──────── AVAILABLE DATA

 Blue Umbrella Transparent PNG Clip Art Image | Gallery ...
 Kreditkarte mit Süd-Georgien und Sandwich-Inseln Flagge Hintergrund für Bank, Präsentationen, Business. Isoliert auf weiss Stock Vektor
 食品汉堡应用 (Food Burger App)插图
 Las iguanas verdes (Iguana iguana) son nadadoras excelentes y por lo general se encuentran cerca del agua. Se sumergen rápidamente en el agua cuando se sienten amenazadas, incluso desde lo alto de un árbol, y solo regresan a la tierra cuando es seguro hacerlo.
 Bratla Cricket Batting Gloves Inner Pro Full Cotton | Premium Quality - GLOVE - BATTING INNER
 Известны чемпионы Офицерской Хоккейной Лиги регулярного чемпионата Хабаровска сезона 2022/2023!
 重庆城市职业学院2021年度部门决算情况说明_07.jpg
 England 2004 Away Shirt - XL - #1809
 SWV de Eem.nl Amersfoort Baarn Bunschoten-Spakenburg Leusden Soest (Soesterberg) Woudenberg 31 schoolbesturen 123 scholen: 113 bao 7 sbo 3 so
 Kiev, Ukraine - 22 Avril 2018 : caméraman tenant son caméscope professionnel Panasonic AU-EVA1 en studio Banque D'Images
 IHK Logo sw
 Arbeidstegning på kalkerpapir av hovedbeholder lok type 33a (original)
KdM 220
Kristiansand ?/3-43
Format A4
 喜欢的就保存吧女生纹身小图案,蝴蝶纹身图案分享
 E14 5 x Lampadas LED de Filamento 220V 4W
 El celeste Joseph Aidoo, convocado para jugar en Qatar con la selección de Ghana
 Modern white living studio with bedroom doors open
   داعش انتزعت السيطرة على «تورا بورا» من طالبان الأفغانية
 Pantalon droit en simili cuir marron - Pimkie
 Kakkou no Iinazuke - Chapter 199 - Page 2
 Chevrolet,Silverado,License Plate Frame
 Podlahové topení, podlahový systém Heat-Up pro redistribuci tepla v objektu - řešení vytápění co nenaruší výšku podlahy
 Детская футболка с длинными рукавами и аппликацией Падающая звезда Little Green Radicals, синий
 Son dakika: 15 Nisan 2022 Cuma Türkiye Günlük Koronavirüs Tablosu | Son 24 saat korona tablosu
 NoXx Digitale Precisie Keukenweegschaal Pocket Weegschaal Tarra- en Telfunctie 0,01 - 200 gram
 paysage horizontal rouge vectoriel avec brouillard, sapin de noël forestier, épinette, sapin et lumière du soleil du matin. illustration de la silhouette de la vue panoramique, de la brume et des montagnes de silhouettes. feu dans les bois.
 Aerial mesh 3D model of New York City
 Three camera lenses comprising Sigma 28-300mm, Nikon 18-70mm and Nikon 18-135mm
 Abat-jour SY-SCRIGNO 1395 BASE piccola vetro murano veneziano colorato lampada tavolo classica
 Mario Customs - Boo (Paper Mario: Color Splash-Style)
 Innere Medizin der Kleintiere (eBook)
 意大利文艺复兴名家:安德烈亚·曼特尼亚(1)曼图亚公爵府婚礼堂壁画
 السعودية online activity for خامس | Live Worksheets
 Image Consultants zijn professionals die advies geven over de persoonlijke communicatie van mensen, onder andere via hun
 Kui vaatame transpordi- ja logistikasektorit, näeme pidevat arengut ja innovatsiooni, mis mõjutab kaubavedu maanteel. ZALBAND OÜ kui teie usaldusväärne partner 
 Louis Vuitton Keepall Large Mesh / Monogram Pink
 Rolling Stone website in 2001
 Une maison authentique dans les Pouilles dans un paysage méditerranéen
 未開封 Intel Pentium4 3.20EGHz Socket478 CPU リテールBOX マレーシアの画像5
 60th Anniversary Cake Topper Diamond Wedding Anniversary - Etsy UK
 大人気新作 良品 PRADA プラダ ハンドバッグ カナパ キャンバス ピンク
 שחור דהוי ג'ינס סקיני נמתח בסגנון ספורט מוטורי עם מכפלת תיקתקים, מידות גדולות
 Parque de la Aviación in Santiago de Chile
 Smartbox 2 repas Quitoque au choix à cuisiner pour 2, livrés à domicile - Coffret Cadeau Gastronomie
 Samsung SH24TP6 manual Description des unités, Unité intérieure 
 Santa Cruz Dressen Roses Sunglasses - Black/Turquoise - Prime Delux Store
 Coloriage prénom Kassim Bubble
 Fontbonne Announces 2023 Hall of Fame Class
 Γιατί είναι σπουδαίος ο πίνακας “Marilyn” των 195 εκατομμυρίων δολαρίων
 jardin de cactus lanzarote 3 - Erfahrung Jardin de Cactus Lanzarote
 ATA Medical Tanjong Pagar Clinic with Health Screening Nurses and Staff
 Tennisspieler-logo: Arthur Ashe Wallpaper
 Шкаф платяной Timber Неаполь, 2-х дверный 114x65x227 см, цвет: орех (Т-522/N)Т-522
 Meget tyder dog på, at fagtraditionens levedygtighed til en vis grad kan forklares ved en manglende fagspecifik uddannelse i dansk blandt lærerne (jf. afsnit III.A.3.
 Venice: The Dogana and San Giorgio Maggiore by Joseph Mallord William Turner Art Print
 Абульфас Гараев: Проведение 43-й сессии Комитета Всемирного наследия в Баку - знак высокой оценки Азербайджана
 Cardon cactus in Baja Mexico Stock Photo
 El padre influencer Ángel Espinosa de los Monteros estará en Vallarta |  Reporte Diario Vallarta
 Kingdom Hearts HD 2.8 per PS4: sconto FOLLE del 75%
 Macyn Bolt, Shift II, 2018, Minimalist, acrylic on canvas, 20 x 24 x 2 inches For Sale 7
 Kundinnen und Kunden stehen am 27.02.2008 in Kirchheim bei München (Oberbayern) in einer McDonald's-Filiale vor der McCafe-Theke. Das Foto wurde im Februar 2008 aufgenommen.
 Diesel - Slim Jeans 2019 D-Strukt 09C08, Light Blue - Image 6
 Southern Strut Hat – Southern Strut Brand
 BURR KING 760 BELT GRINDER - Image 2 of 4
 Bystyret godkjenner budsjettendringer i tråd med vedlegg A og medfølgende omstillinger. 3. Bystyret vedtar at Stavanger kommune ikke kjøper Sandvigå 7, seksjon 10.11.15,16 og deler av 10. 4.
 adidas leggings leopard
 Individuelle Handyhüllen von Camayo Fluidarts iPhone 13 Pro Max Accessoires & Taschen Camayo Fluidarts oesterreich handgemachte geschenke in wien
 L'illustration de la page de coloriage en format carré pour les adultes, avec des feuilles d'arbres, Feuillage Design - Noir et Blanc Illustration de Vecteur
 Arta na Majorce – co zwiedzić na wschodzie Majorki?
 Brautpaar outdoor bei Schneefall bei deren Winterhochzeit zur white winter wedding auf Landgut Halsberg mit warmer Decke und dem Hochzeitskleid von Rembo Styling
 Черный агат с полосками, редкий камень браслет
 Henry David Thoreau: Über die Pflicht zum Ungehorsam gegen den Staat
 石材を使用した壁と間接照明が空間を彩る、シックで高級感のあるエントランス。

────────────────

Please filter the entries above down to the lines holding "illustration" and copy them.

COMPLETED EXERCISE
 paysage horizontal rouge vectoriel avec brouillard, sapin de noël forestier, épinette, sapin et lumière du soleil du matin. illustration de la silhouette de la vue panoramique, de la brume et des montagnes de silhouettes. feu dans les bois.
 L'illustration de la page de coloriage en format carré pour les adultes, avec des feuilles d'arbres, Feuillage Design - Noir et Blanc Illustration de Vecteur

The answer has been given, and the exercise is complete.